* [COLLECTED MATERIAL]:
[Start of section]

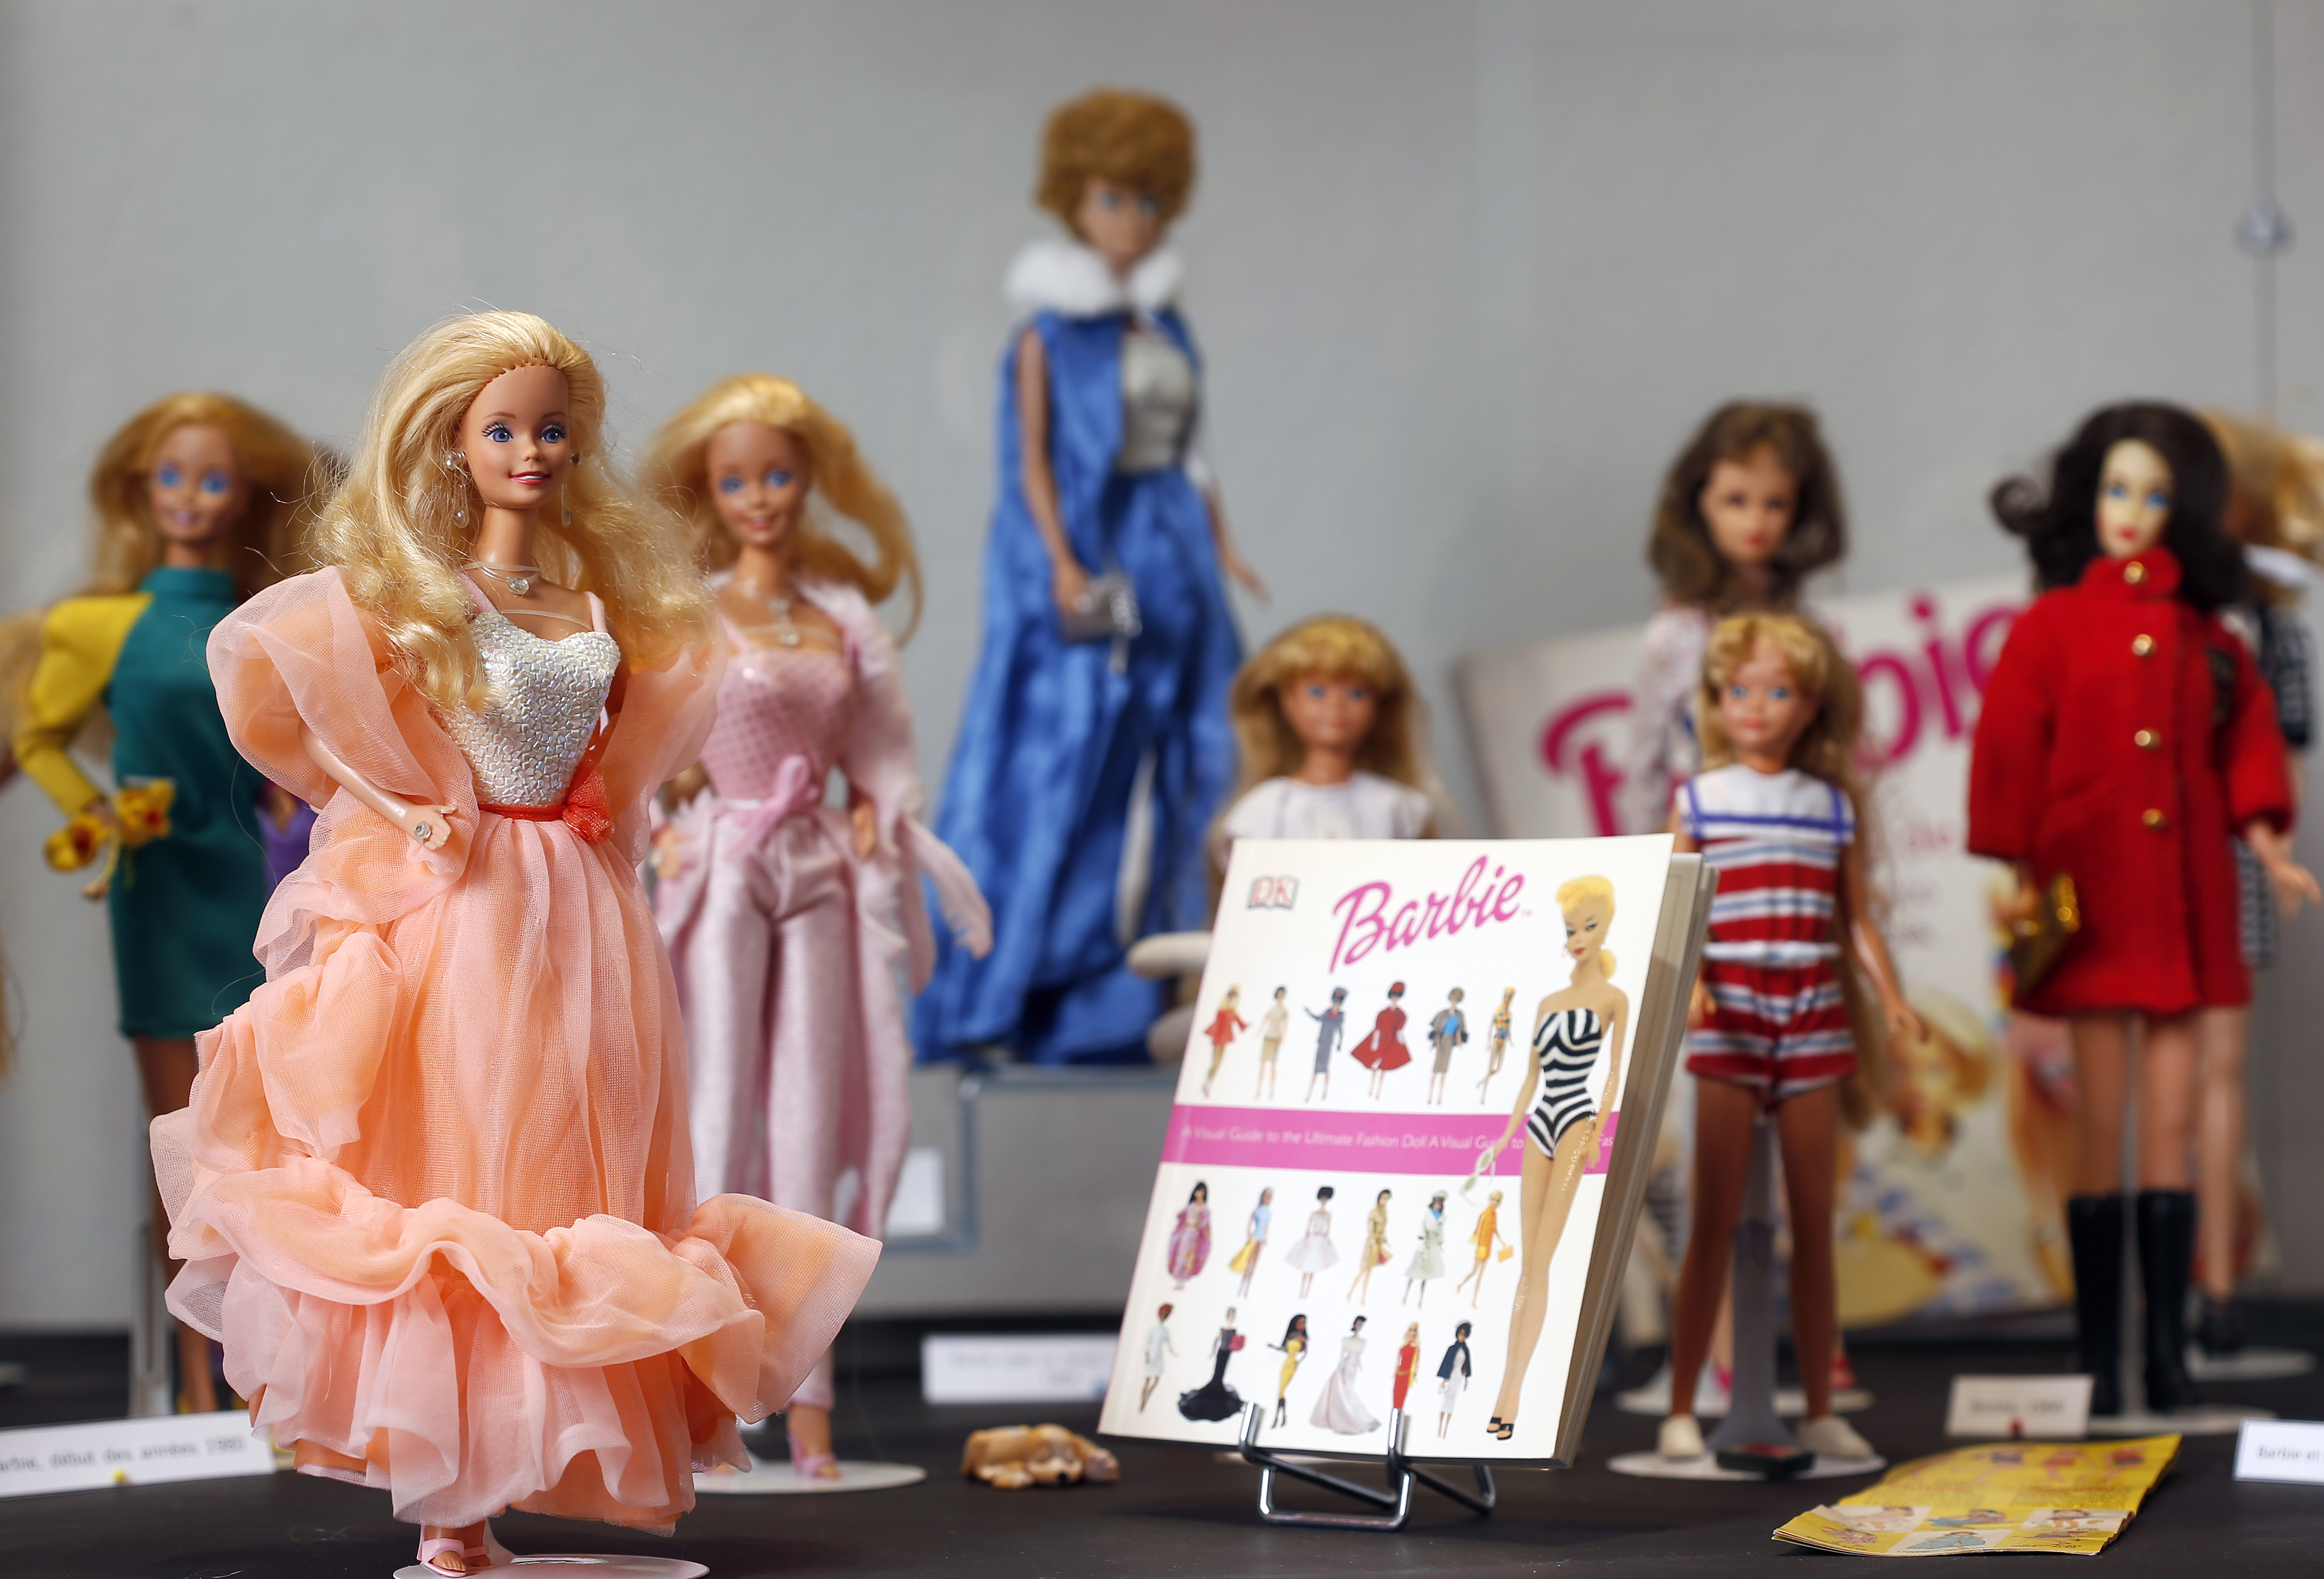 Ikonikus híresség lett az új Barbie baba - kiskegyed.hu
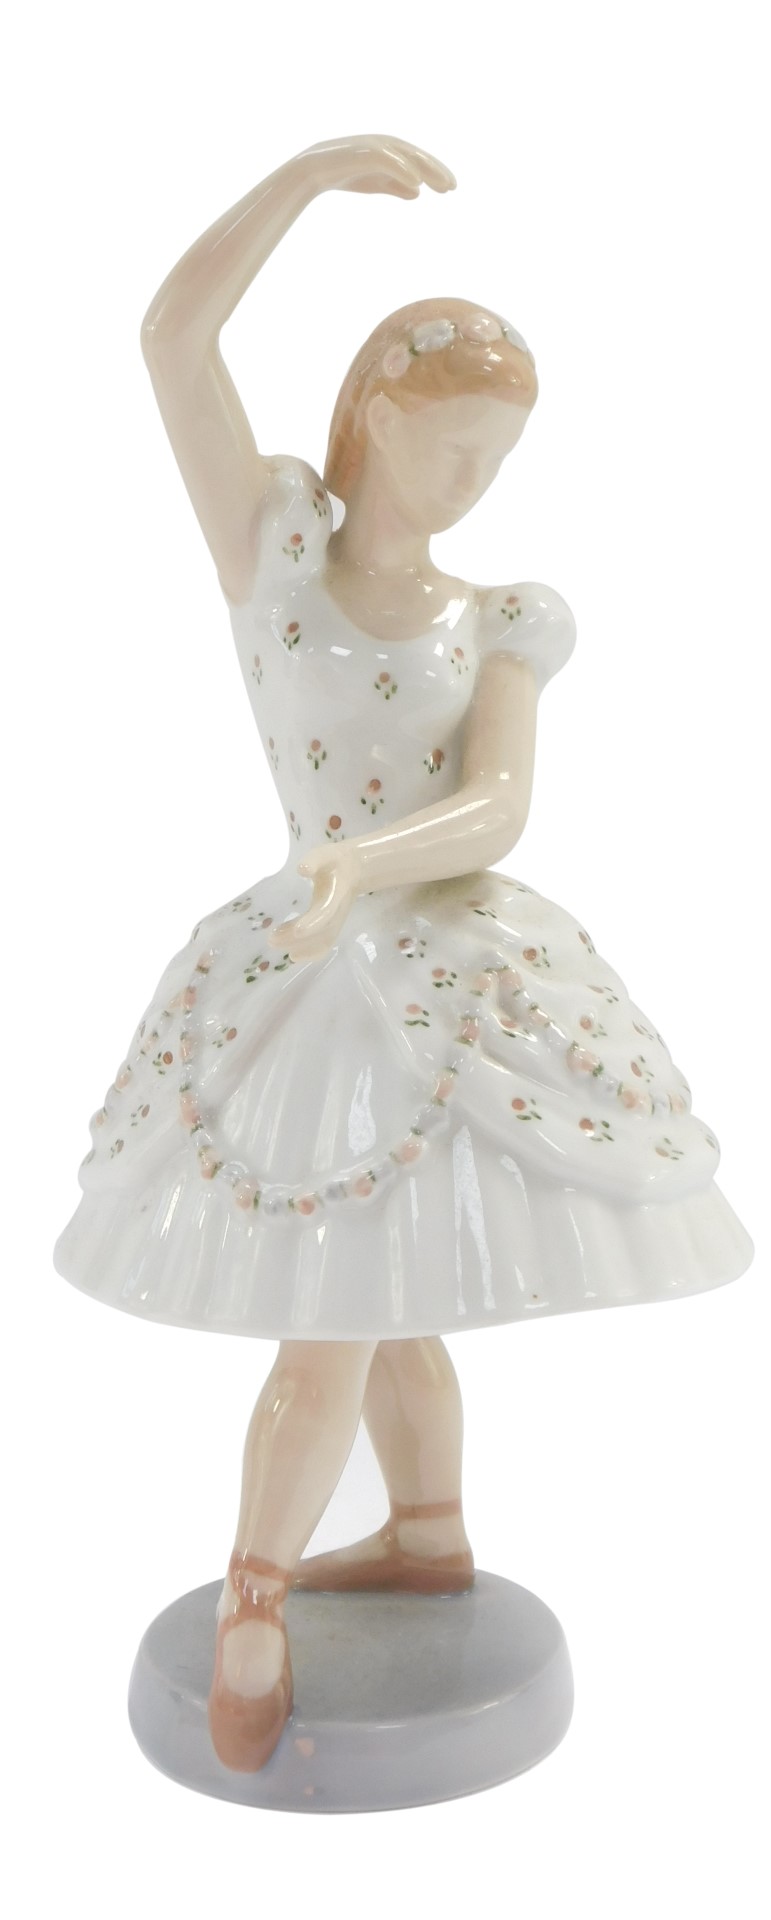 A Bing & Grondahl porcelain figure of a ballerina, no 2355, 24cm high.
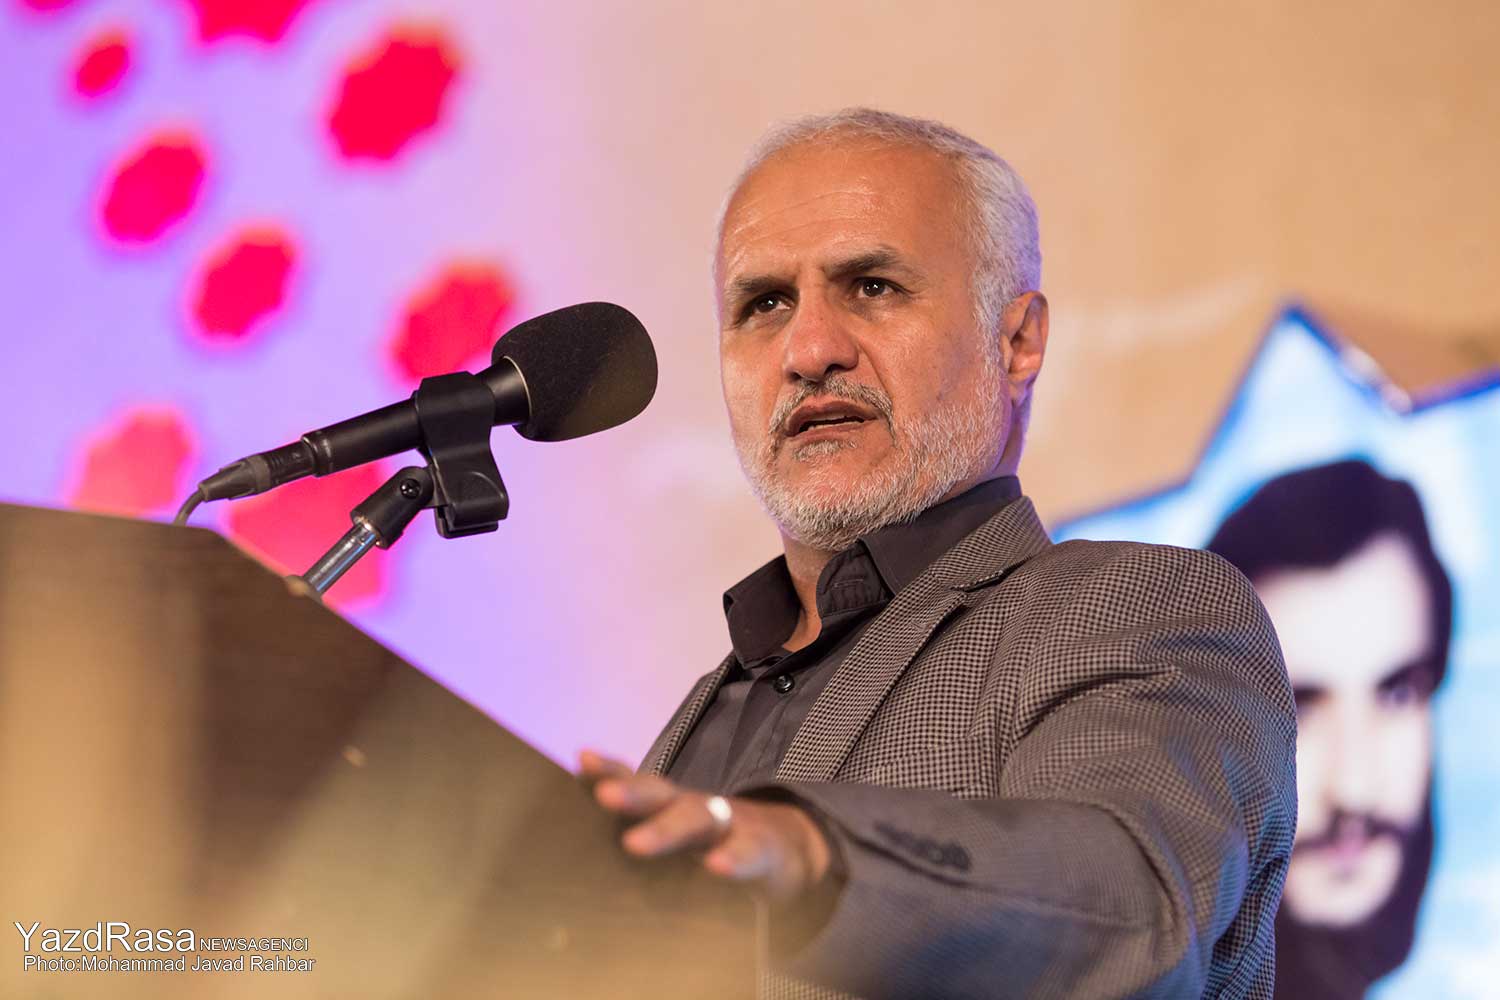 سخنرانی استاد حسن عباسی در یزد - یادواره ستارگان راه (یادواره شهید صدوقی و شهدای شهرستان یزد)

[End of section]

* [TASK TO COMPLETE]: Output all the data above verbatim, leaving out images.

* [SOLUTION]:
 Ikonikus híresség lett az új Barbie baba - kiskegyed.hu
 A Bing & Grondahl porcelain figure of a ballerina, no 2355, 24cm high.
 سخنرانی استاد حسن عباسی در یزد - یادواره ستارگان راه (یادواره شهید صدوقی و شهدای شهرستان یزد)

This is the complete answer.